Tuesday, October 23, 2012

To Proficiency and Beyond!!!

I decided that this is my new motto - To Proficiency and Beyond!!!  

In fact, maybe I'll have to consider changing my blog name to "To Proficiency and Beyond".


Why? Because this year, more than any other year in my teaching career, I thoroughly scrutinize my lesson plans to assure that the activities I offer are those geared toward helping my students become proficient in the language.  Doing things like I used to, simply because that's how I always did it in the past, doesn't stand up against the scrutiny of the question, "Does this help the students to acquire the language?"


Through my intensive reading on how students acquire a language, and through my own personal experience of when I learned Spanish, and also how my students are progressing in my classes, it has become crystal clear that some activities I used to do, did nothing more than act as a vacuum, sucking up precious minutes of class time. 

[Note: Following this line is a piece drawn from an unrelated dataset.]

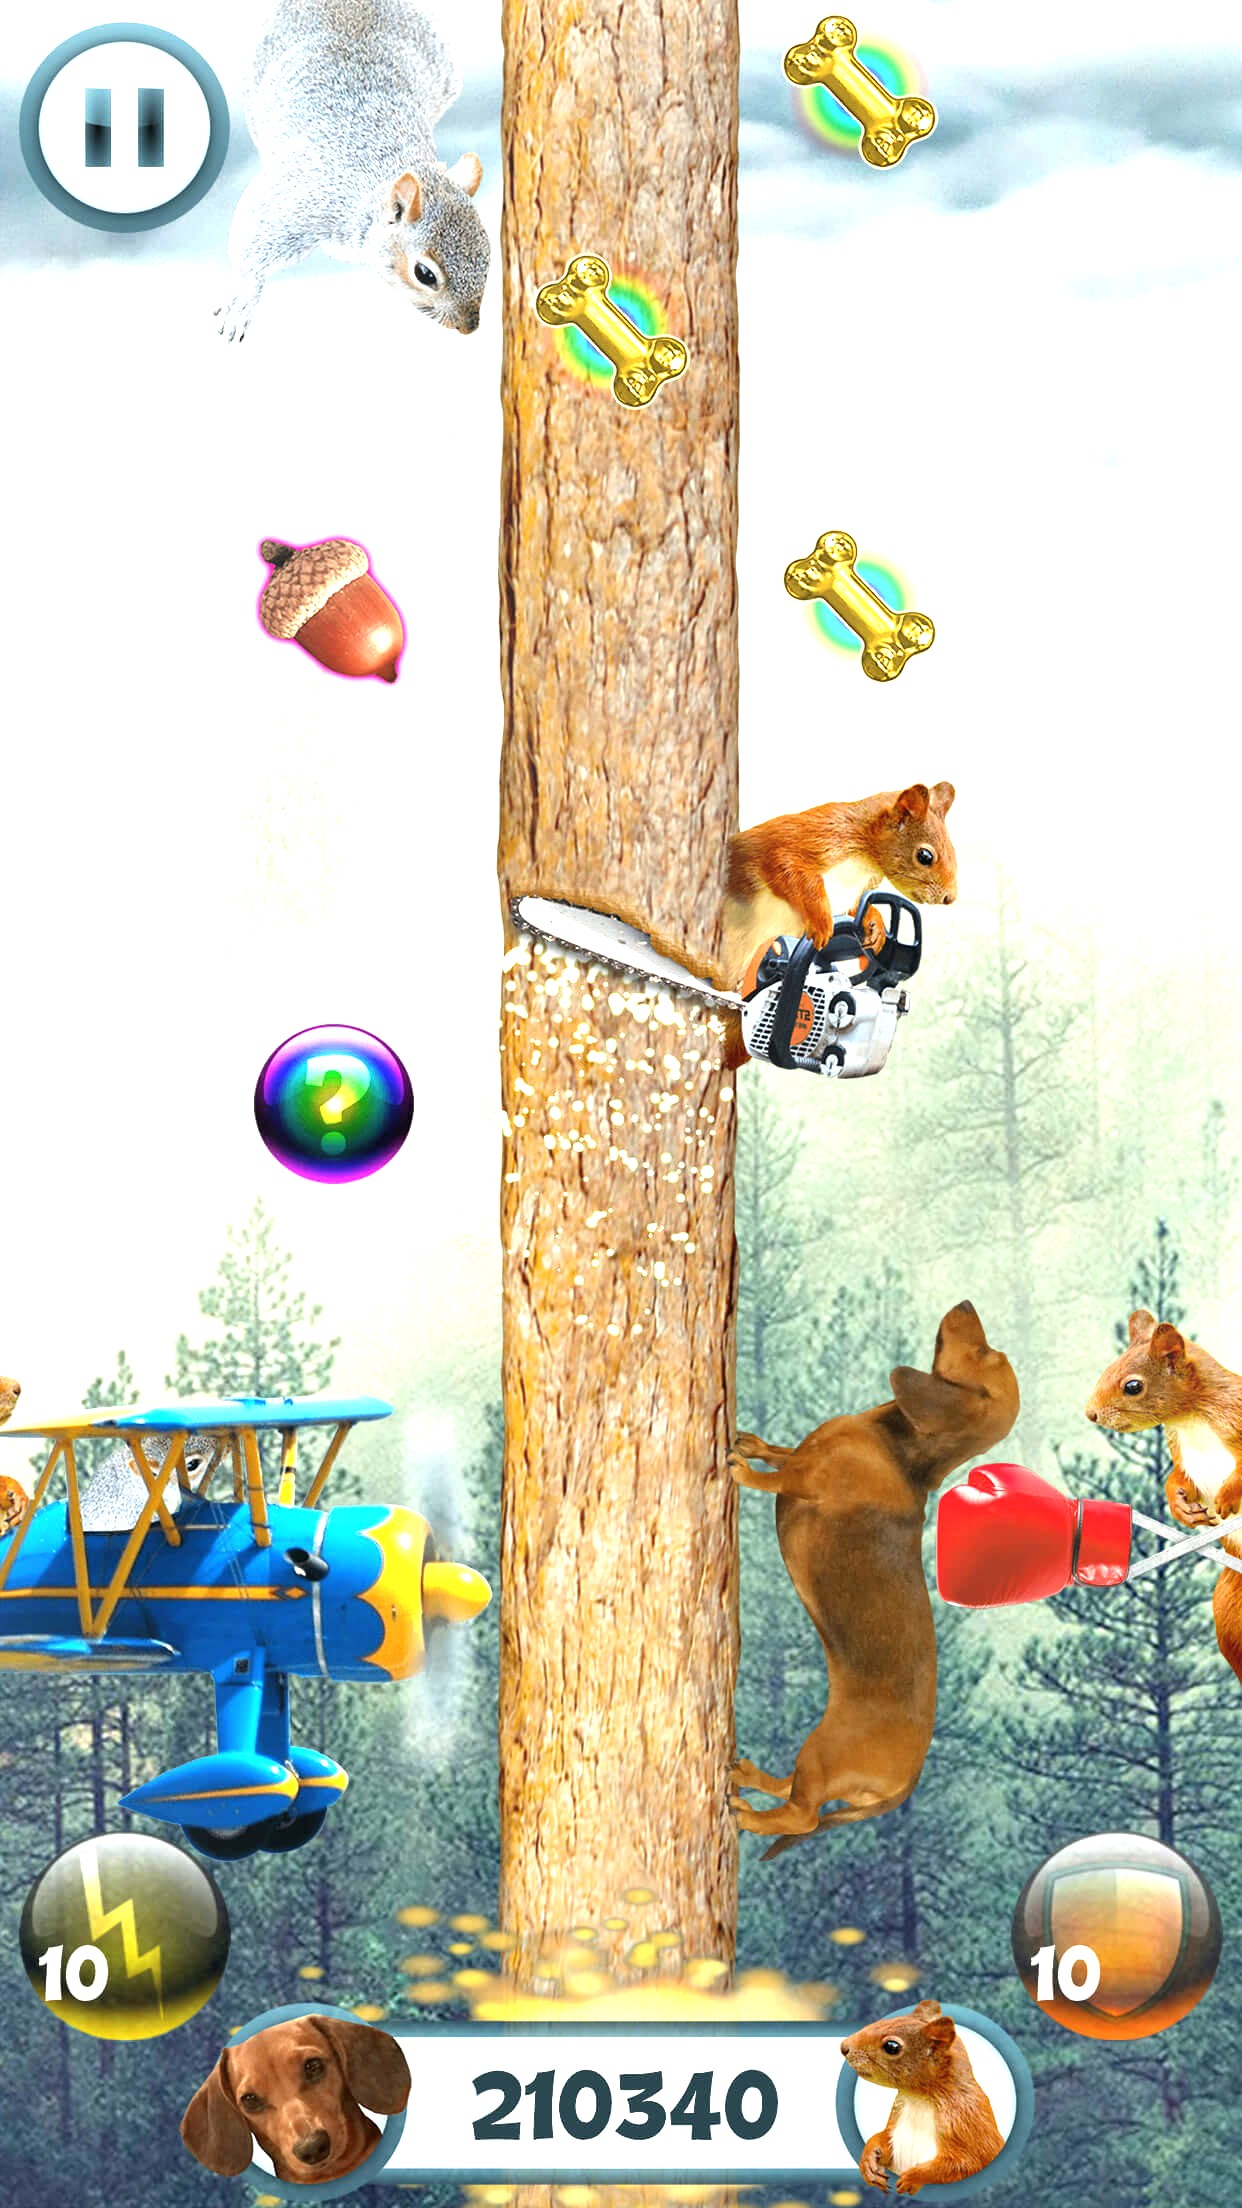 Fandomodo's Wild Wiener mobile game features a dachshund dodging squirrels.

I still catch myself at times planning an activity for class that is based more on the "fun factor" than on acquiring the language.  That's when I have to Stop, Review my Goals for my Students, and re-evaluate and make necessary adjustments to keep proficiency as the target.

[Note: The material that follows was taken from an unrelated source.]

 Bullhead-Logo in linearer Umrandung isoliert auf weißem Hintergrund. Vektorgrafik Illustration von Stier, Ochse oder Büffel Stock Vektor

Please don't interpret the previous statements to mean that teaching with TPRS isn't fun.  That would be a definite misunderstanding. Teaching with TPRS and CI has brought a breath of fresh air into my teaching because it involves the students.  It draws them into the story with their creative ideas for the story development, through acting, through class responses during storytelling, using their artistic skills, and a whole list of other ways.  There are days that I look at the lesson plans I made on the weekend and find myself looking forward to sharing a story with a class to see how they make it their own through their contributions. 


"Fun" has a new meaning.  

"Fun" is reading a chapter with the students in the mini-novel and students, that would have struggled in the traditional setting, volunteer to summarize what happened in that chapter.  
"Fun" is hearing a learning-support student say, "Hey, I think I'm getting this." (which I heard today and it made me smile). 
"Fun" is reading the students' endings to a story that they wrote without dictionaries.  
"Fun" is when I ask a series of questions to a students in Spanish, and they answer, whether in single words or full sentences without hesitation, and I point out to them that their comprehension of my questions was "spot on". 
"Fun" is when students say "awwww" when I end an activity such as creating more details about a person or describing, in Spanish, their classmates' sketches that I share w/ the use of the document camera.
"Fun" is hearing from students that graduated and say they're enjoying their college level Spanish classes and are considering minoring in Spanish.

The groundwork and formula for that fun always lies in providing CCI (Compelling Comprehensible Input) for the students.  It's not always an easy road, and certainly not without many mistakes on my part, made along the way.  It is a journey that demands a sincere commitment from me, every day, every class, personalized for every student.  It's not about me; it's all about them, and all about getting them "To Proficiency and Beyond!!!"